What is the equation of the line normal to # f(x)=-xln(2x^3-x)# at # x=1#?

Question

What is the equation of the line normal to #  f(x)=-xln(2x^3-x)# at #  x=1#?

Isaiah Allen · Accepted Answer

# y = 1/5x - 1/5 #

The gradient of the tangent to a curve at any particular point is give by the derivative of the curve at that point. The normal is perpendicular to the tangent and so the product of their gradients is #-1#

so If # f(x )= -xln(2x^3-x) # then differentiating wrt #x# (using the product rule and chain rule) gives us:

# \ \ \ \ \ f'(x) = (-x)(1/(2x^3 - x)*(6x^2 - 1)) + (-1)(ln(2x^3 - x)) #
# :. f'(x) = -(6x^2-1)/(2x^2-1) -ln(2x^3-x) #

When #x = 1 => f(1) = -1ln(2-1) = 0 # (so #(1,0)# lies on the curve)
and # f'(1) = -(6-1)/(2-1) - ln(2-1) = -5#

So the tangent passes through #(1,0)# and has gradient #-5#, hence the normal has gradient #1/5# so using the point/slope form #y-y_1=m(x-x_1)# the equation we seek is;

# y-0 = 1/5(x-1) #
# \ \ :. y = 1/5x - 1/5 #

We can confirm this solution is correct graphically:

Charles Anctil · Answer

undefined To find the equation of the line normal to the function f(x) = -xln(2x^3 - x) at x = 1, we need to determine the slope of the normal line and the point of tangency.

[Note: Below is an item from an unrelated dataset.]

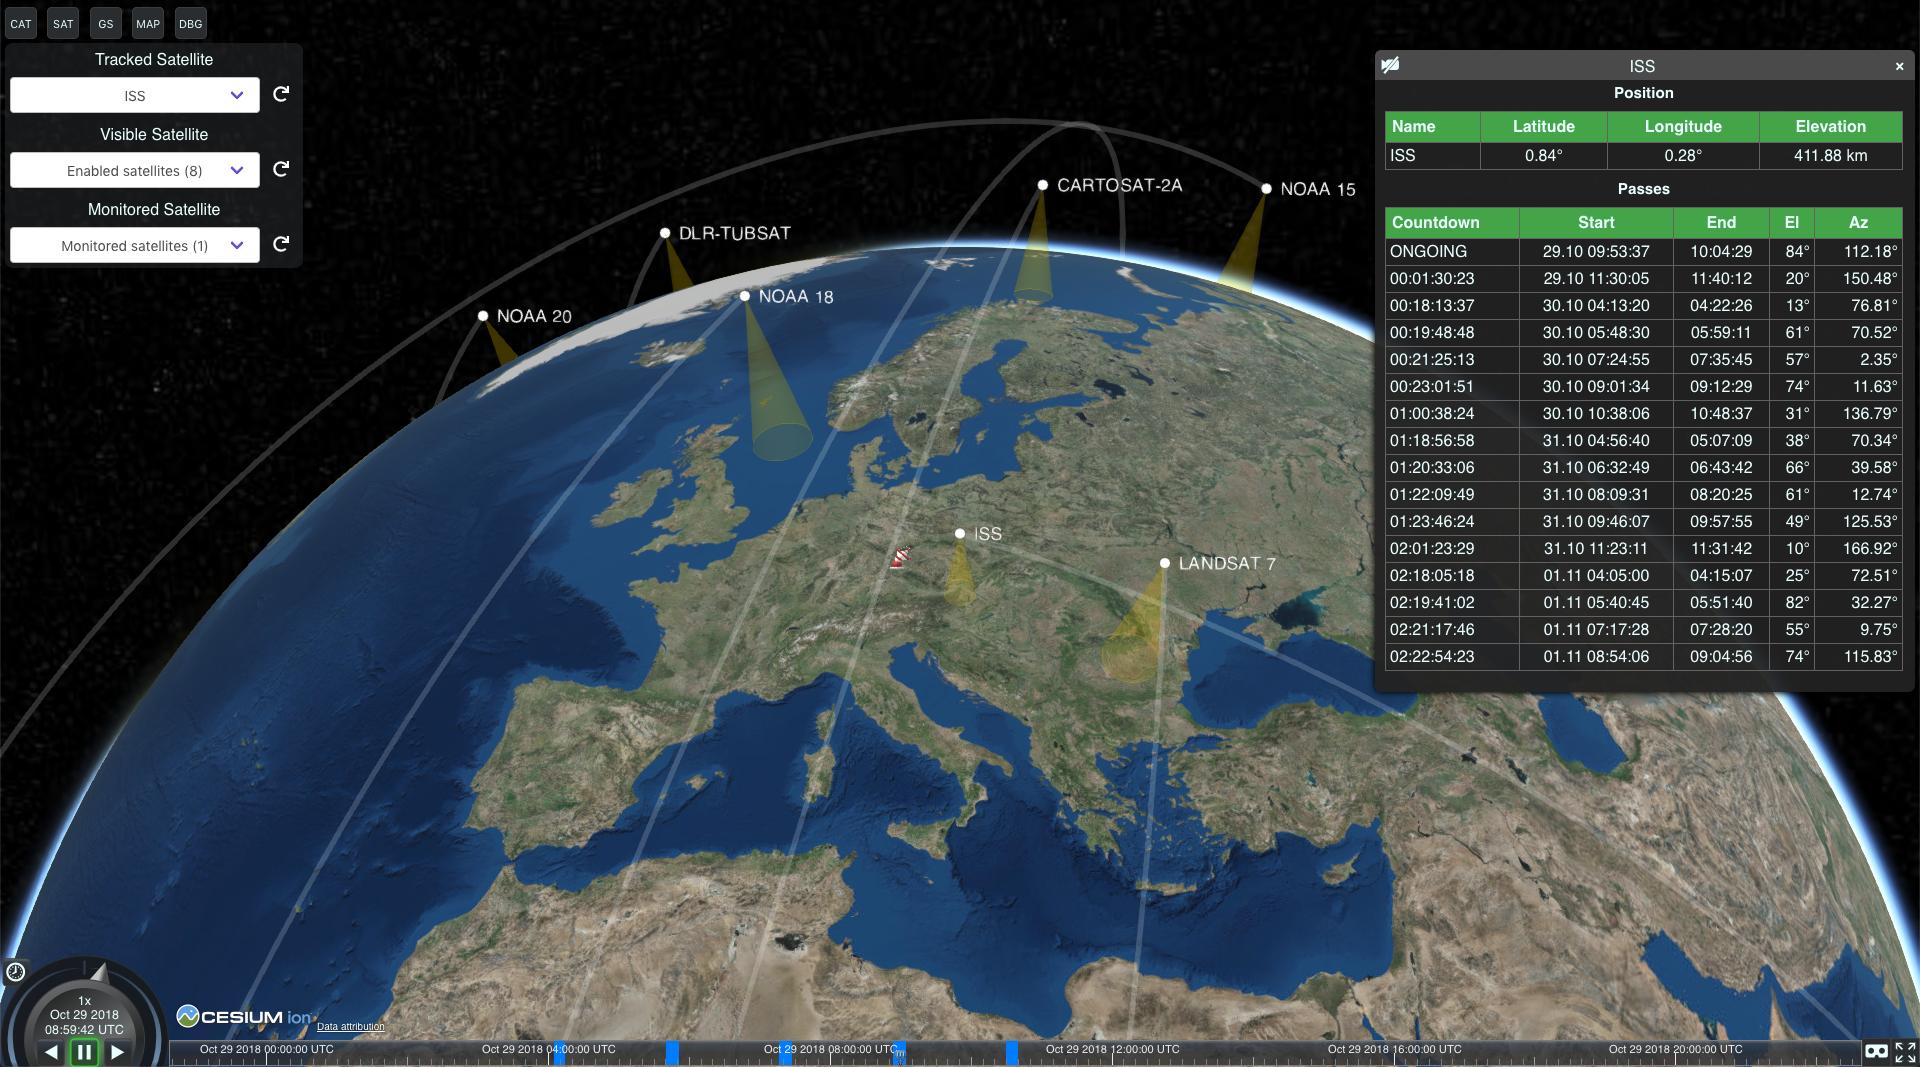 GitHub - Flowm/satvis: Satellite orbit visualization and pass

First, we find the derivative of f(x) using the product rule and chain rule:

f'(x) = -ln(2x^3 - x) - x * (1/(2x^3 - x)) * (6x^2 - 1)
       = -ln(2x^3 - x) - (6x^3 - x)/(2x^3 - x)
       = -ln(2x^3 - x) - (6x^3 - x)/(2x^3 - x)
       = -ln(2x^3 - x) - 6x^3 + x

Next, we substitute x = 1 into f'(x) to find the slope of the tangent line at x = 1:

f'(1) = -ln(2(1)^3 - 1) - 6(1)^3 + 1
      = -ln(2 - 1) - 6 + 1
      = -ln(1) - 5
      = -5

Since the normal line is perpendicular to the tangent line, the slope of the normal line is the negative reciprocal of the slope of the tangent line. Therefore, the slope of the normal line is 1/5.

Now, we have the slope of the normal line and the point of tangency (x = 1, f(1)). We can use the point-slope form of a line to find the equation of the normal line:

y - f(1) = (1/5)(x - 1)

Simplifying further:

y - (-1ln(2(1)^3 - 1)) = (1/5)(x - 1)
y + ln(1) = (1/5)(x - 1)
y = (1/5)(x - 1) - ln(1)
y = (1/5)(x - 1)

Therefore, the equation of the line normal to f(x) = -xln(2x^3 - x) at x = 1 is y = (1/5)(x - 1).